**Exercise data:**
####
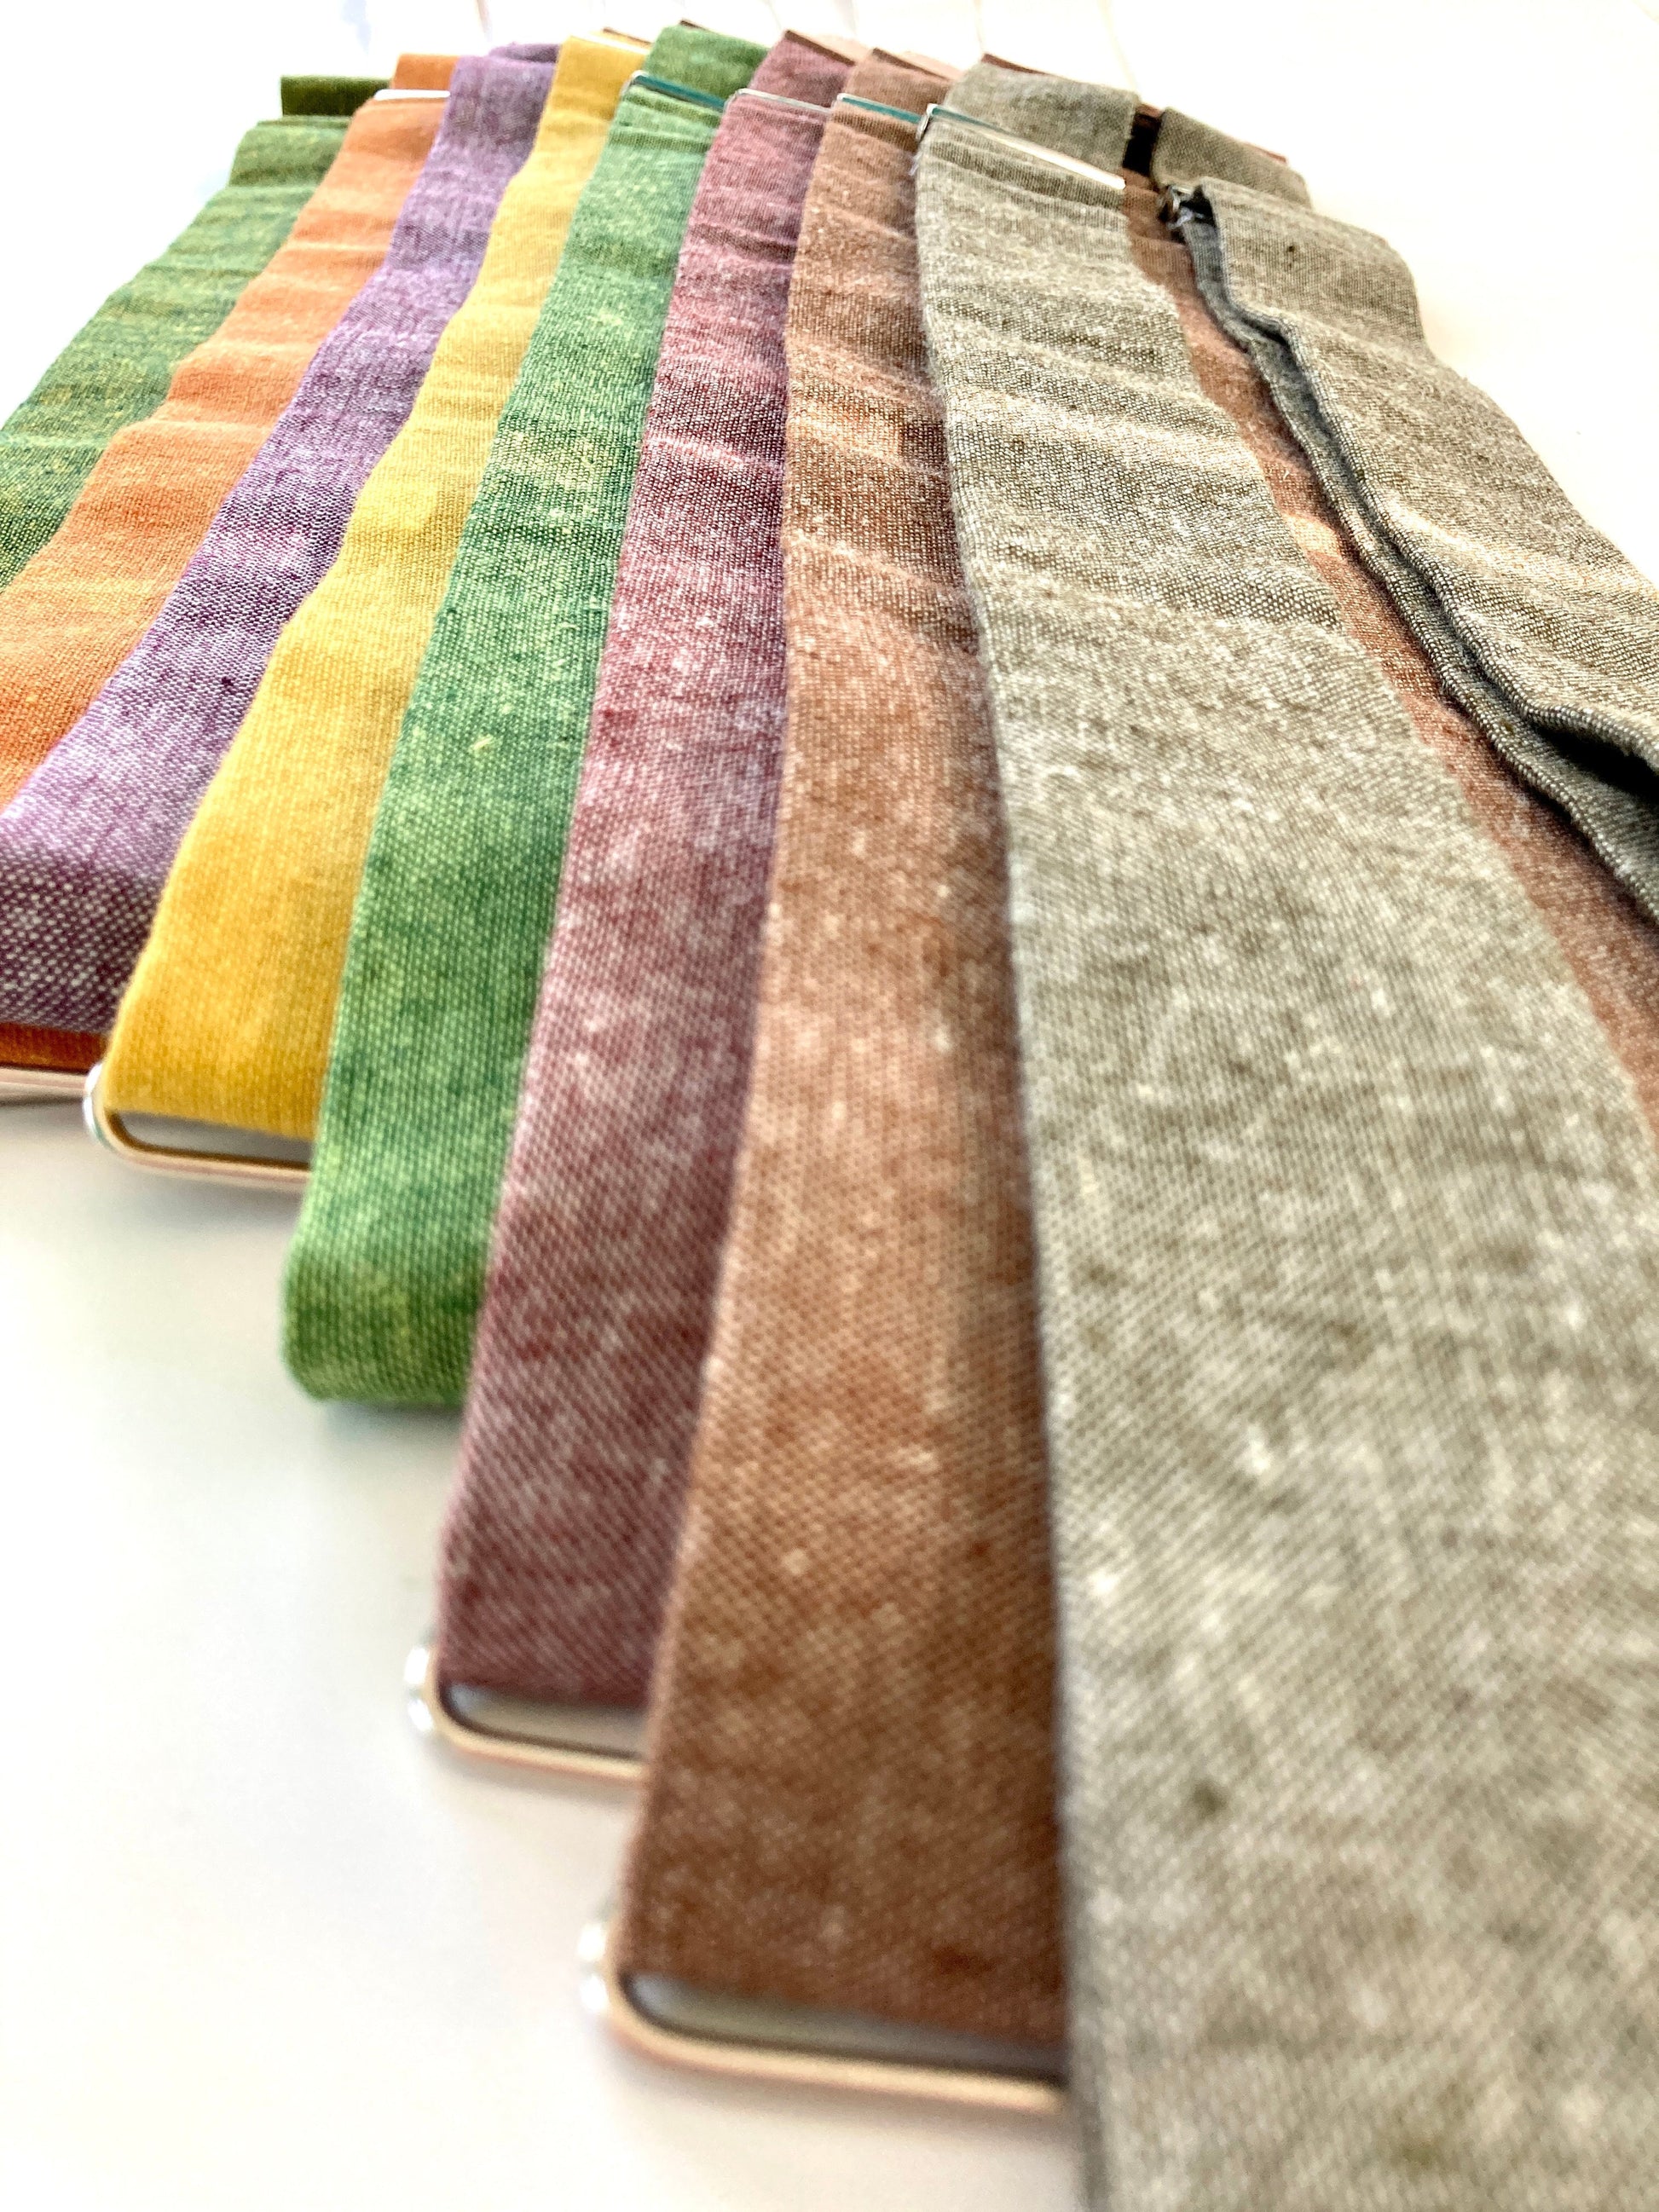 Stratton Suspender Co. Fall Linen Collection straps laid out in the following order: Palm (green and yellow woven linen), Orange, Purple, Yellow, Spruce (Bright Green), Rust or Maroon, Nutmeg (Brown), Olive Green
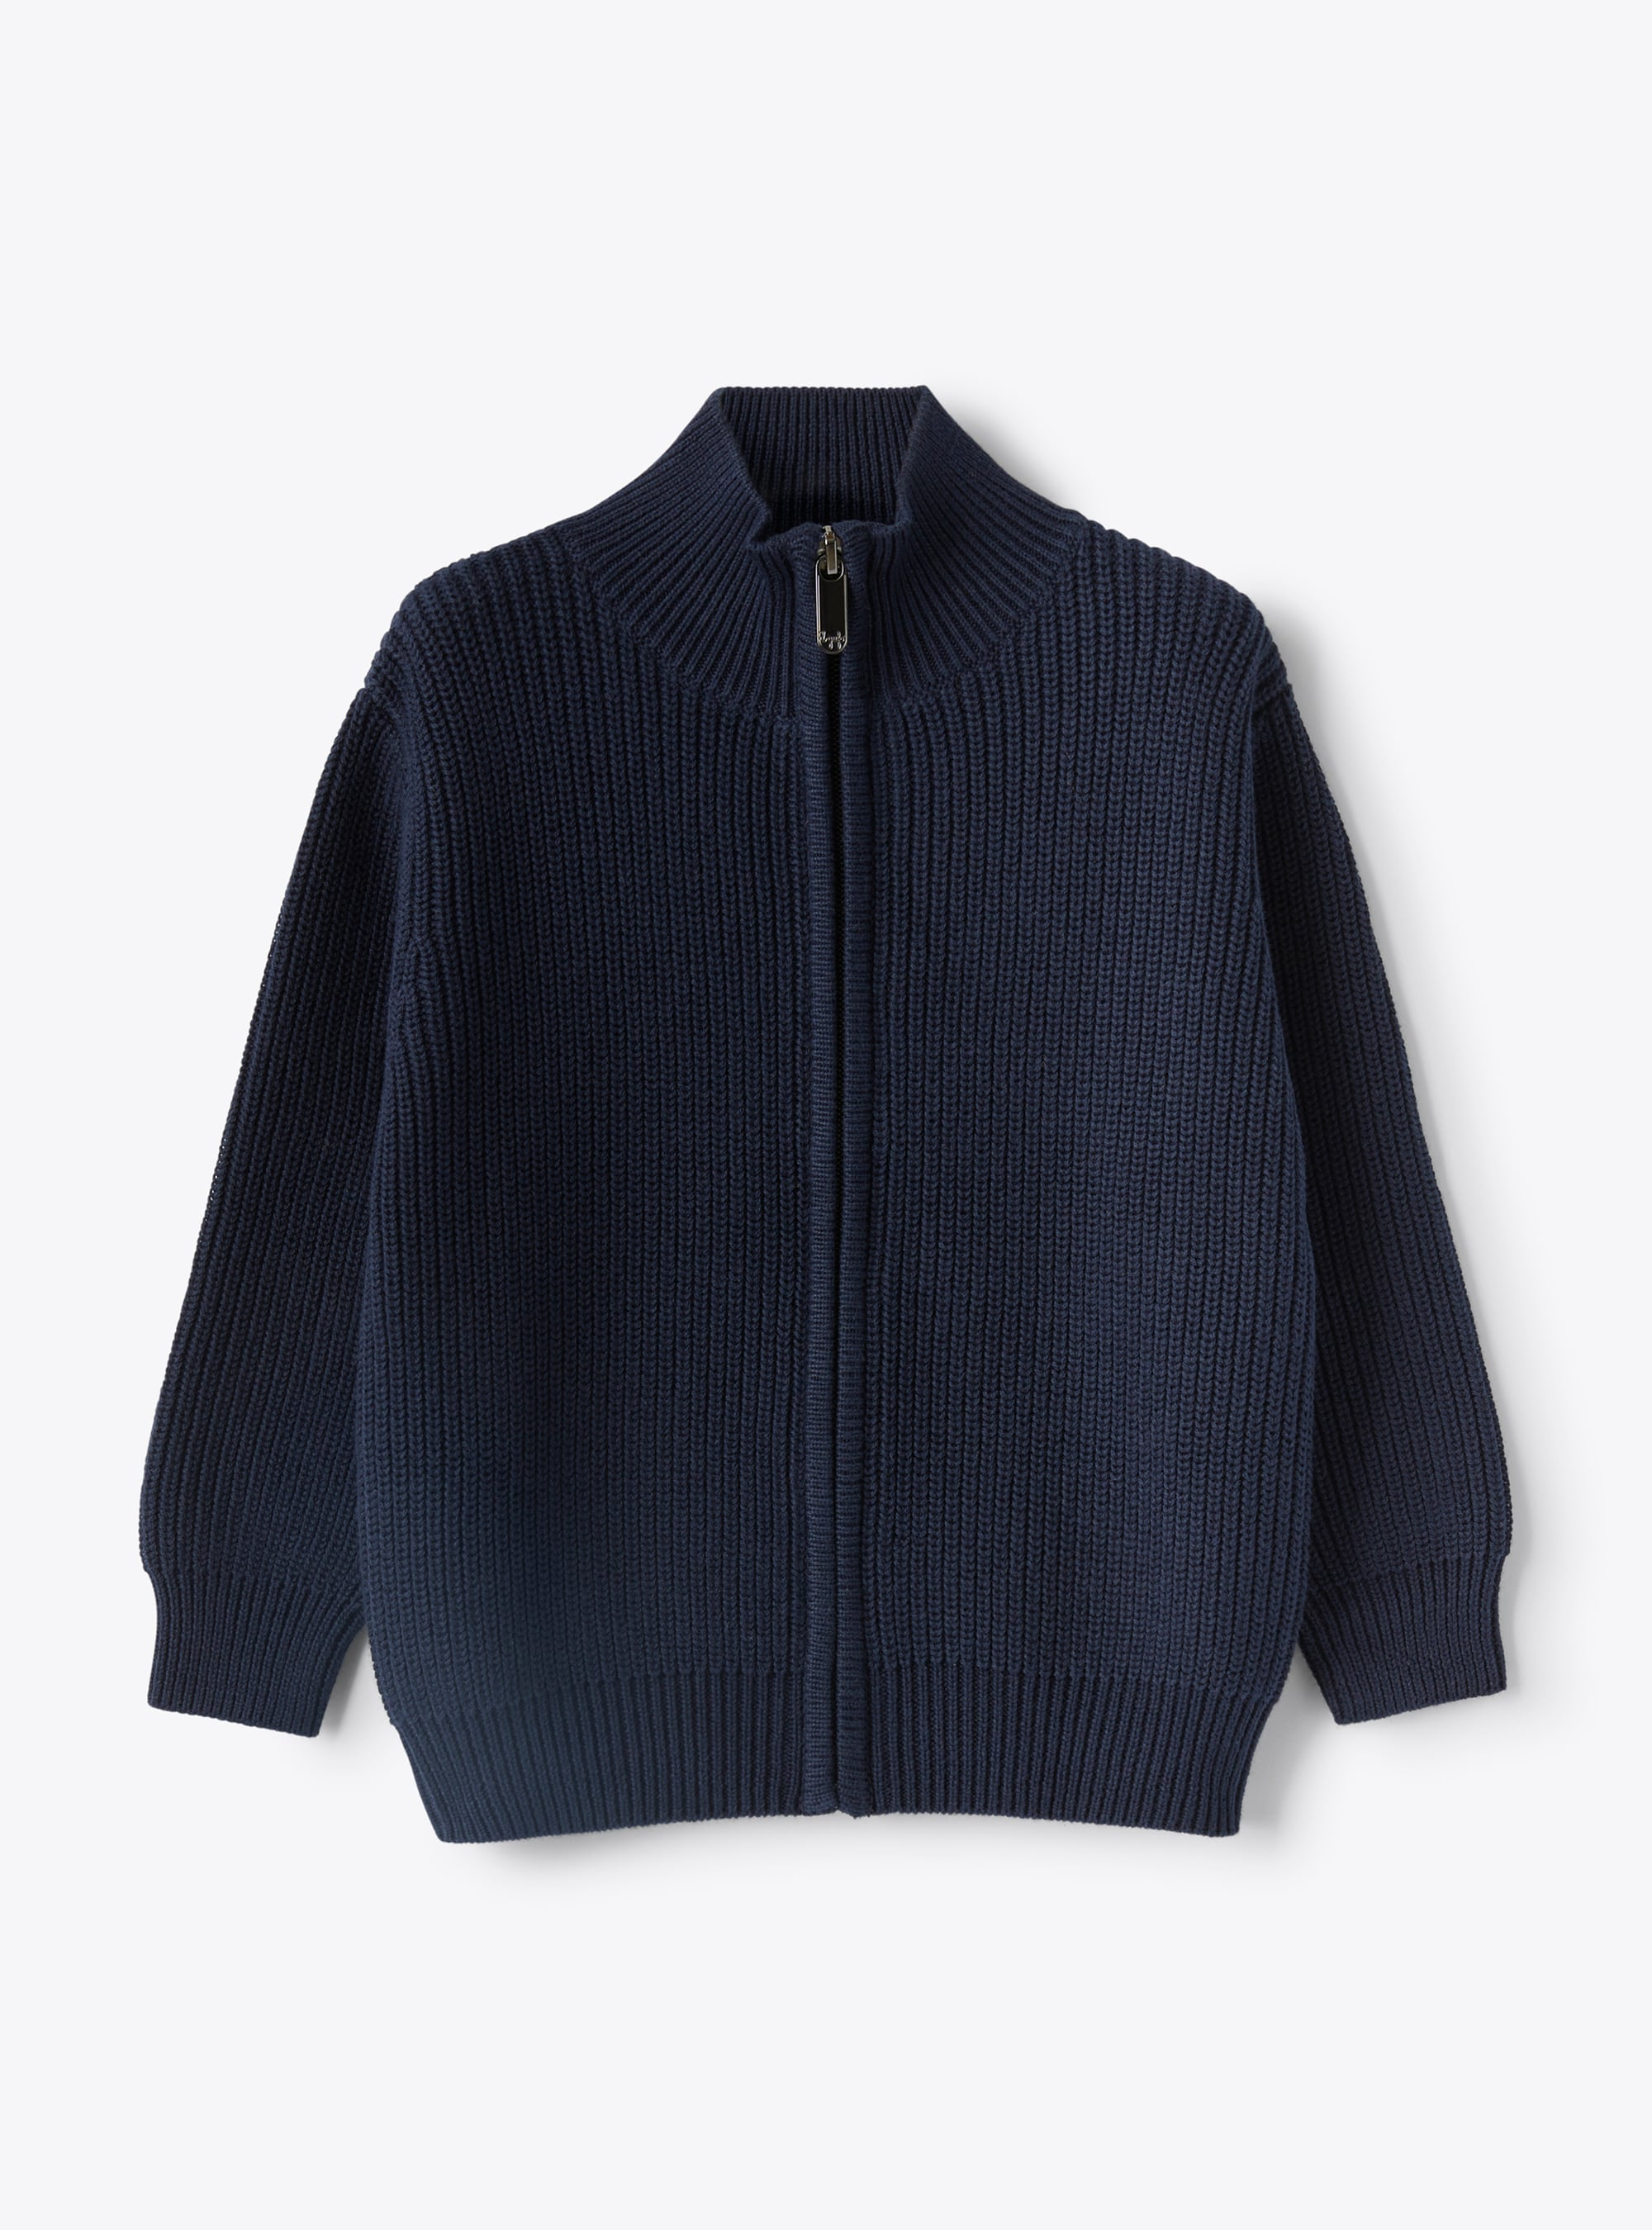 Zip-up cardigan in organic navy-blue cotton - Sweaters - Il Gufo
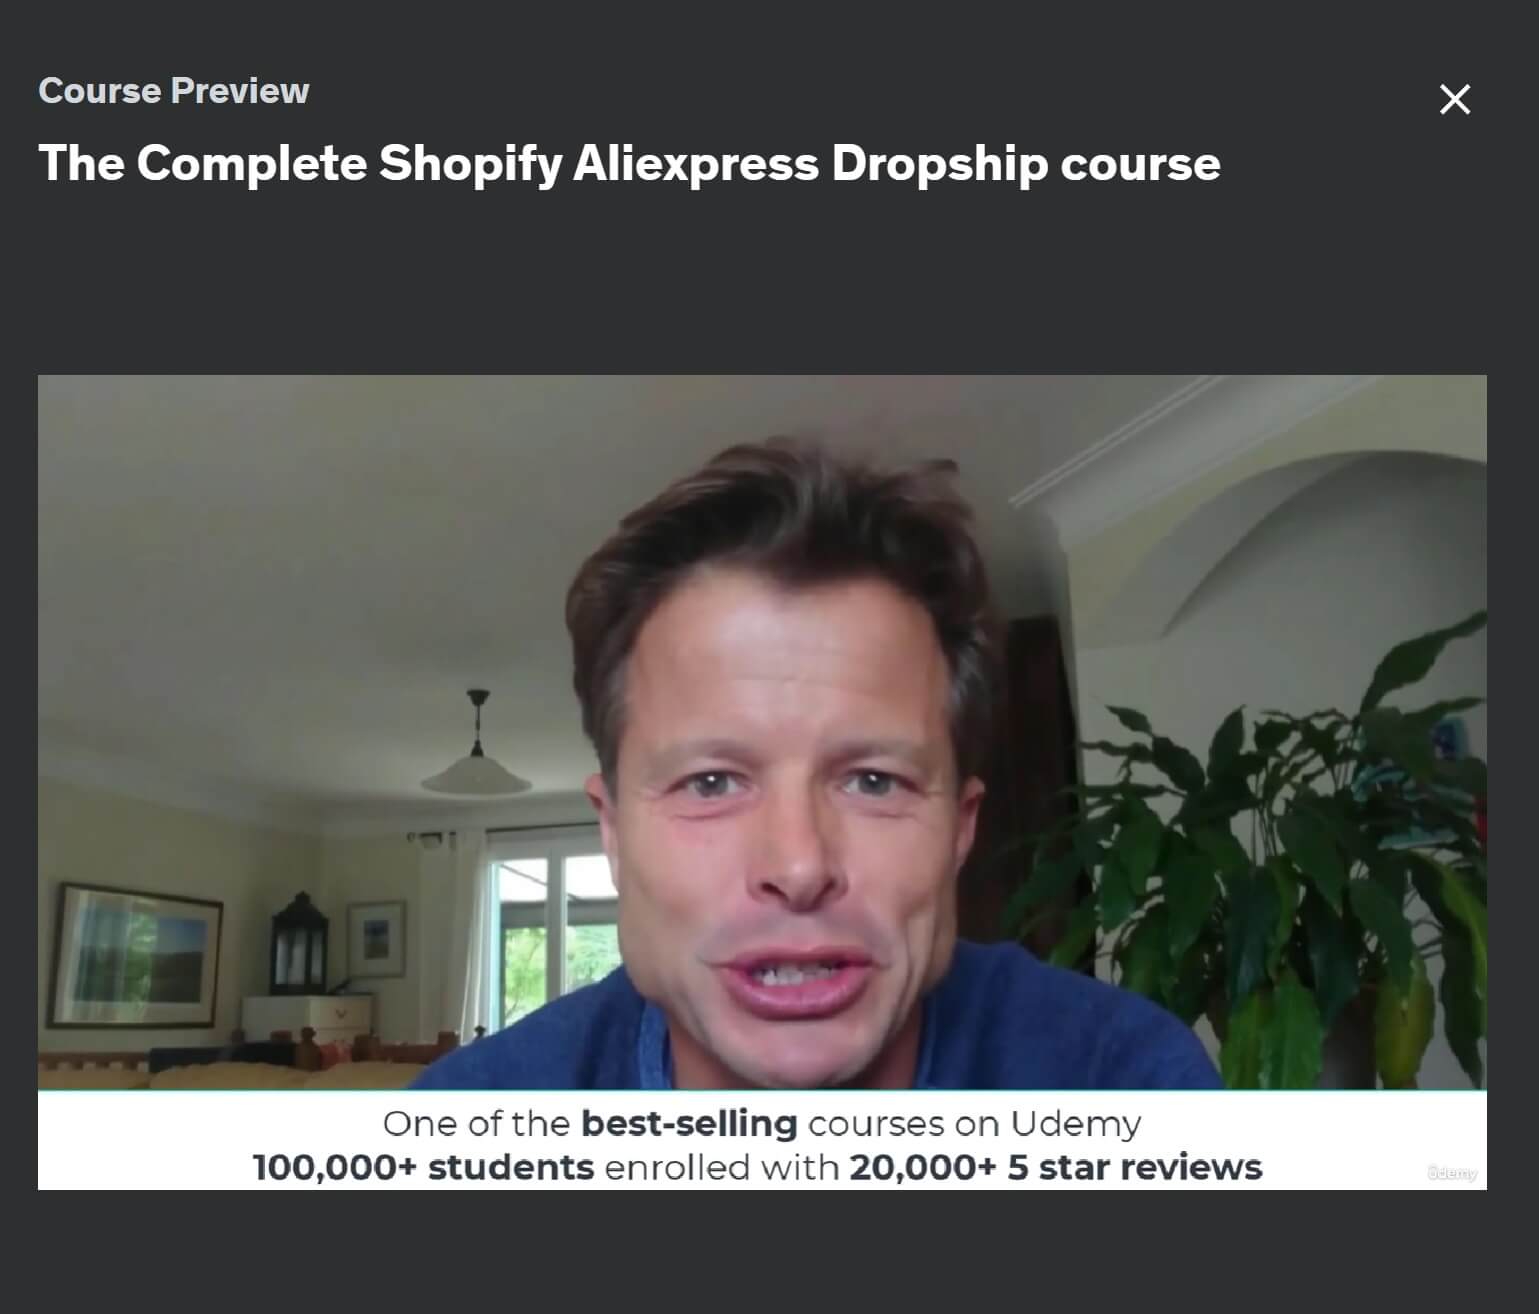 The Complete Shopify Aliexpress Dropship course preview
####
**What you have to do:**
Print all the lines above exactly as they are, but without the pictures.

**Reply:**
 Stratton Suspender Co. Fall Linen Collection straps laid out in the following order: Palm (green and yellow woven linen), Orange, Purple, Yellow, Spruce (Bright Green), Rust or Maroon, Nutmeg (Brown), Olive Green
 Zip-up cardigan in organic navy-blue cotton - Sweaters - Il Gufo
 The Complete Shopify Aliexpress Dropship course preview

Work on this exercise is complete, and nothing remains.